Vitamins are a major necessity for a healthy life. Vitamin D may reduce the risk of injuries from falls by more than 20 percent in otherwise healthy men and women age 60 and over. Vitamin D has long been known to strengthen bones but new studies indicate it also improves muscle strength. The combination makes injuries less likely when people fall. Vitamin D is helpful whether it is consumed in fortified foods, dairy products, or supplements.

There are 13 known vitamins and each have different roles within the body.

Vitamin A

Vitamin A occurs in two principal forms in nature: retinol, which is found only in animal sources, and certain carotenoids, the best known of which is 'beta-carotene' found in carrots and other yellow to red plants. Beta-carotene can be converted to retinol in the body, and it may have a role in protecting against heart disease and cancer.

Vitamin A is essential for vision and adequate growth. Deficiency symptoms include night blindness, hyperkeratinosis of the skin, and xerophthalmia - an eye condition, which if untreated can lead to permanent blindness. Vitamin A deficiency is still widespread in many developing countries.

Vitamin A is found in pumpkins, kumara (sweet potato), apricots, squash, nectarines, peaches, and mangos. It is also found in spinach, broccoli, watercress, asparagus and peas.

The B Group Vitamins

The B group vitamins work as a team to convert food to energy. Vitamin B1 is vital for releasing energy from starchy and sugary foods, while vitamins B2, B6, and niacin help release energy from foods including protein and fats.

If you increase your energy intake, particularly by eating more carbohydrates, your body may need extra vitamin B.

Vitamin B12 and folic acid, together with iron and vitamin C are of major importance to sportsmen and women as they are used in the formation of red blood cells which transport oxygen to the muscles.

Vitamin B1 (thiamine)

Vitamin B1 is essential for the release of energy especially from carbohydrates, functioning of nerves, brain and muscles.

The best source of this is vitamin is from dried brewers yeast. Other good sources include pork, poultry, cereals, nuts and beans.

Vitamin B2 (riboflavin)

Vitamin B2 is found in all plant and animal cells. It is necessary for the release of energy from food and for healthy vision and skin.

Yeast and liver contain the highest amount of this vitamin. It is also found in other meat, eggs and dairy food.

Vitamin B6 (pyridoxine)

This vitamin is required for protein and fat metabolism, red blood cell formation, and the nervous system.

The best sources of this vitamin are liver of beef, pork and chicken.
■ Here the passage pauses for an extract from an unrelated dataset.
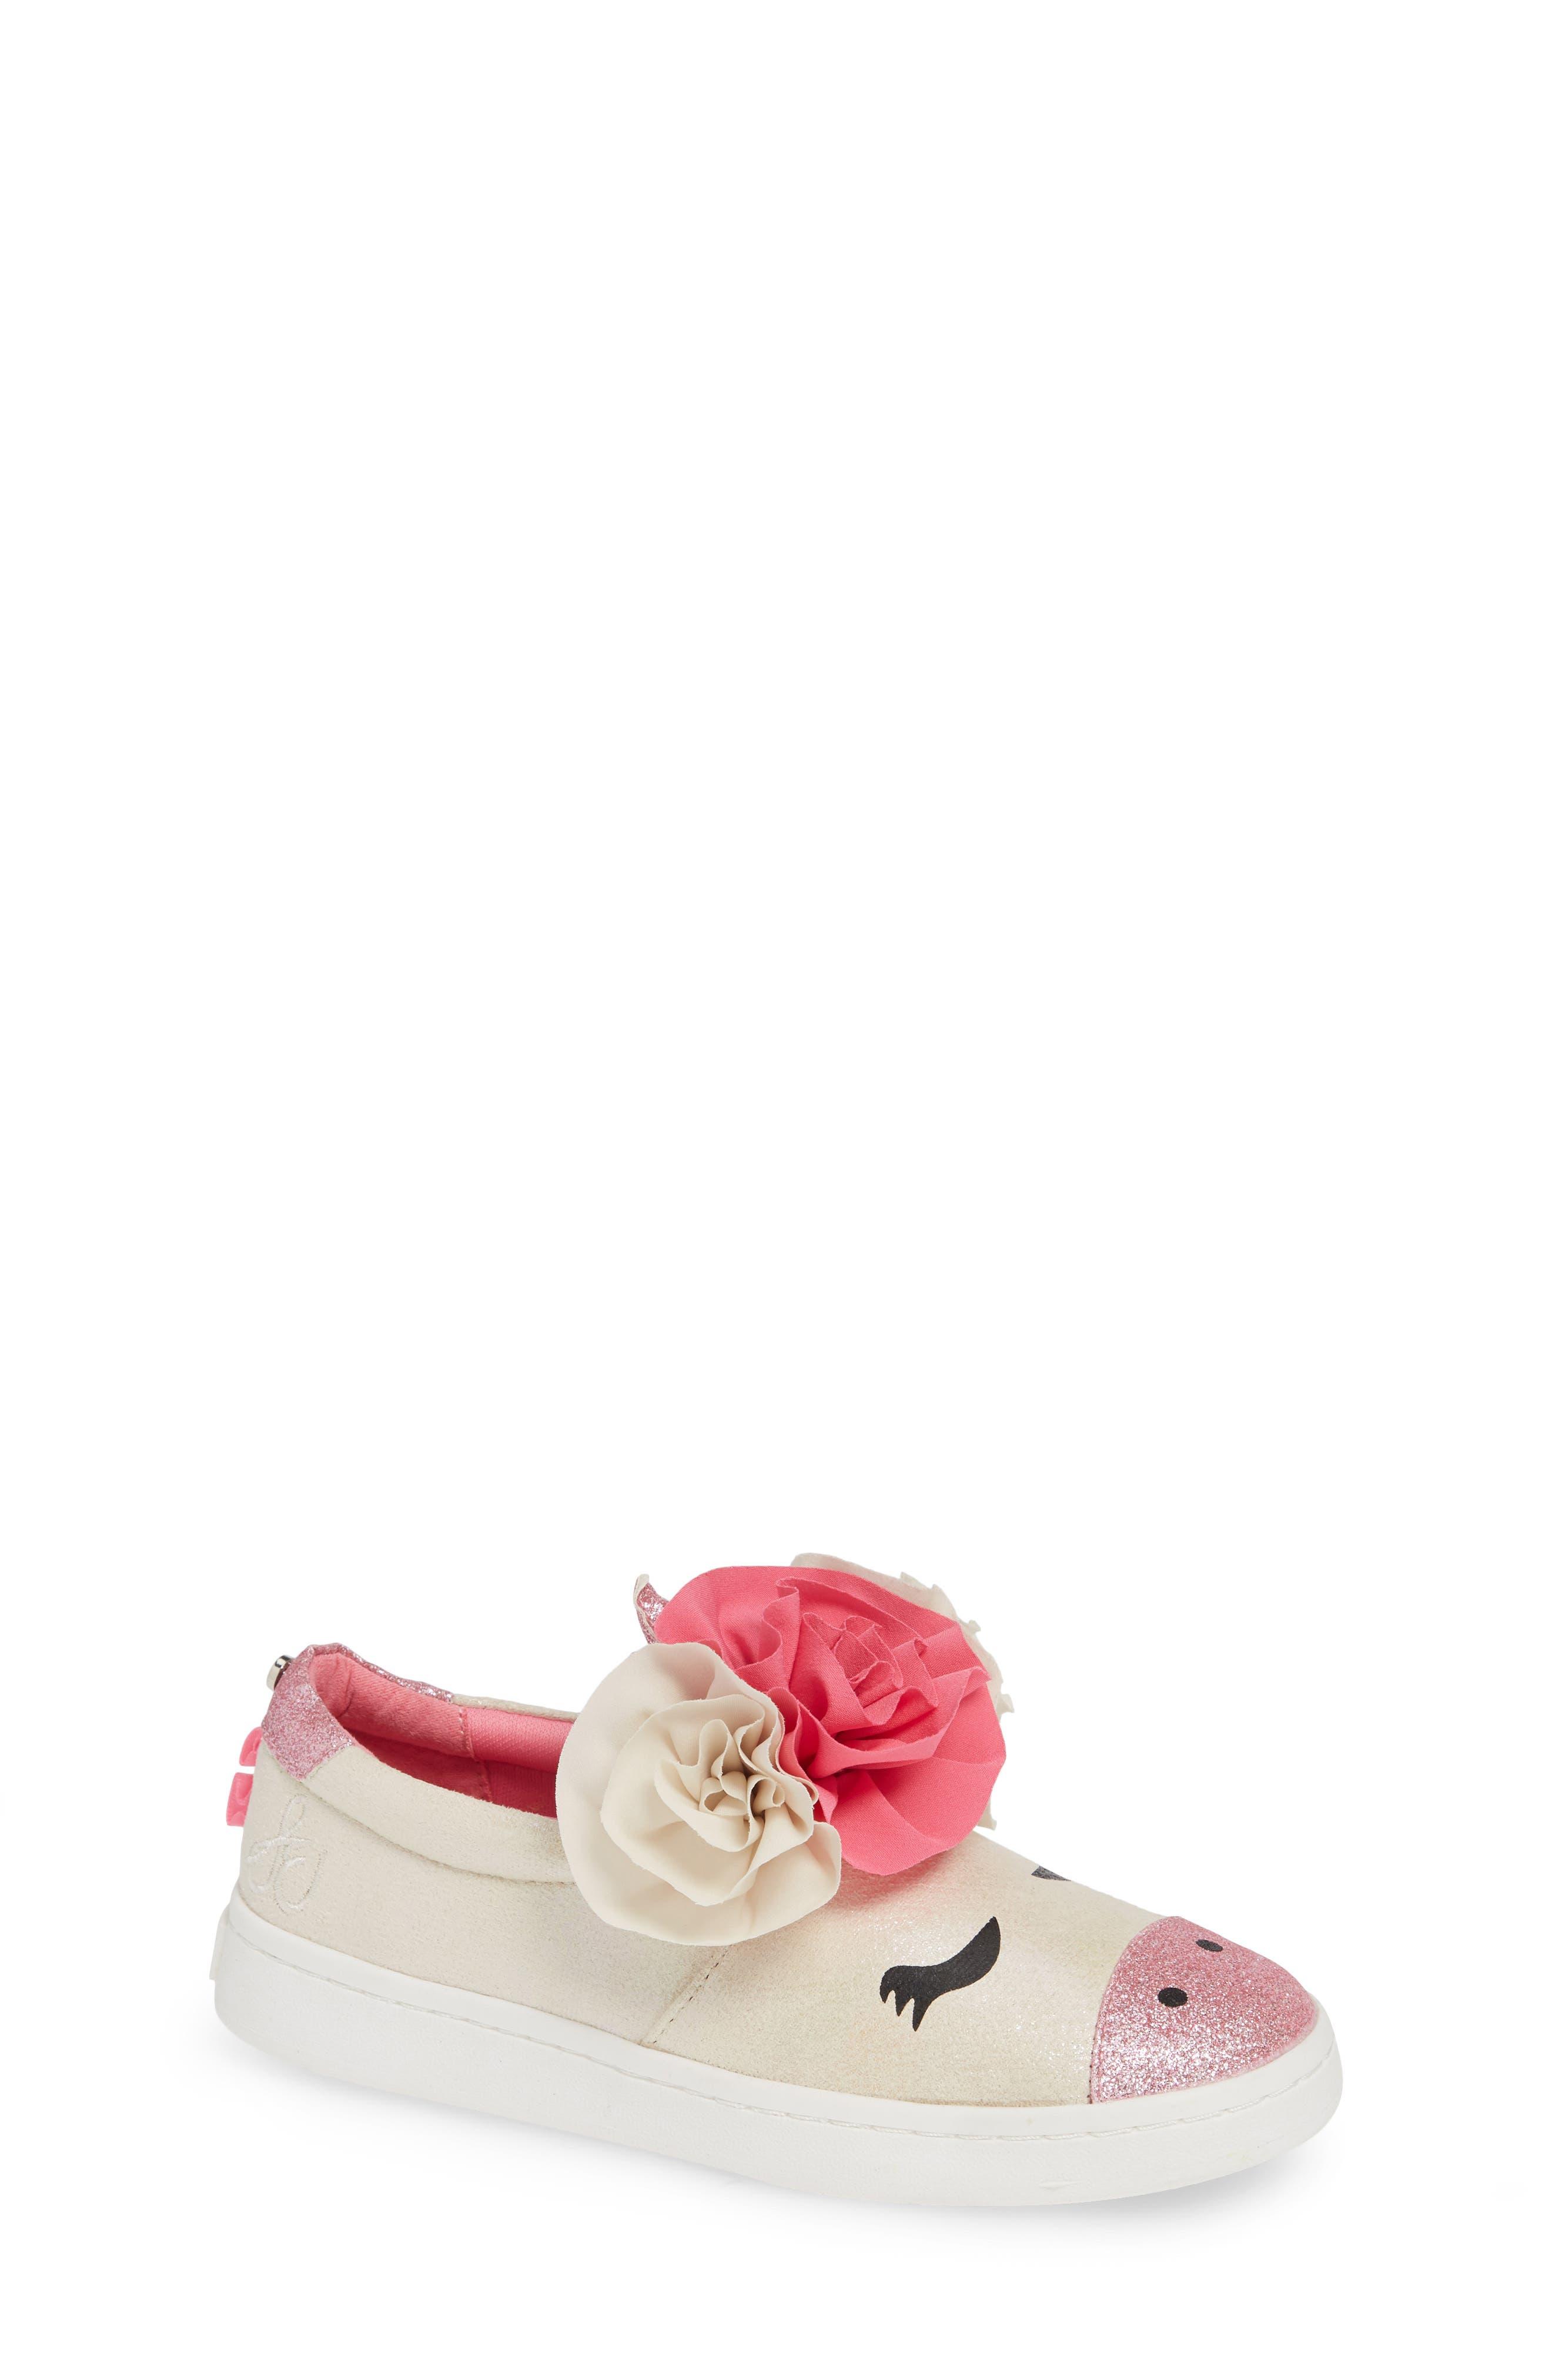 Blane Unicorn Slip-On Sneaker,                         Main,                         color, WHITE SHIMMER

Other sources include cereals, fish, nuts, bananas and wheatgerm.

Vitamin B12 (cobalamin)

Vitamin B12 is necessary for the formation of red blood cells, a healthy nervous system, and is essential for growth.

This vitamin is stored efficiently by the body so a deficiency can take years to develop. Since it is found primarily in animal products, vegetarians are at risk from deficiency unless they take supplements. In its most extreme form, deficiency can lead to megaloblastic anaemia and irreversible degeneration of the spinal cord.

Vitamin E is found in animal meat, particularly liver, kidney, heart and brain. It is also present in yeast extract.

Biotin

This is needed for the manufacture of fatty acid and glycogen, protein metabolism and growth. It is found in egg yolk, liver, wholegrain cereals, and nuts.

Vitamin C (ascorbic acid)

Vitamin C is required for the production of collagen, the 'cement' substance that gives structure to muscles, vascular tissues, bones and cartilage. Deficiency causes a weakening of these tissues (scurvy), resulting in capillary bleeding.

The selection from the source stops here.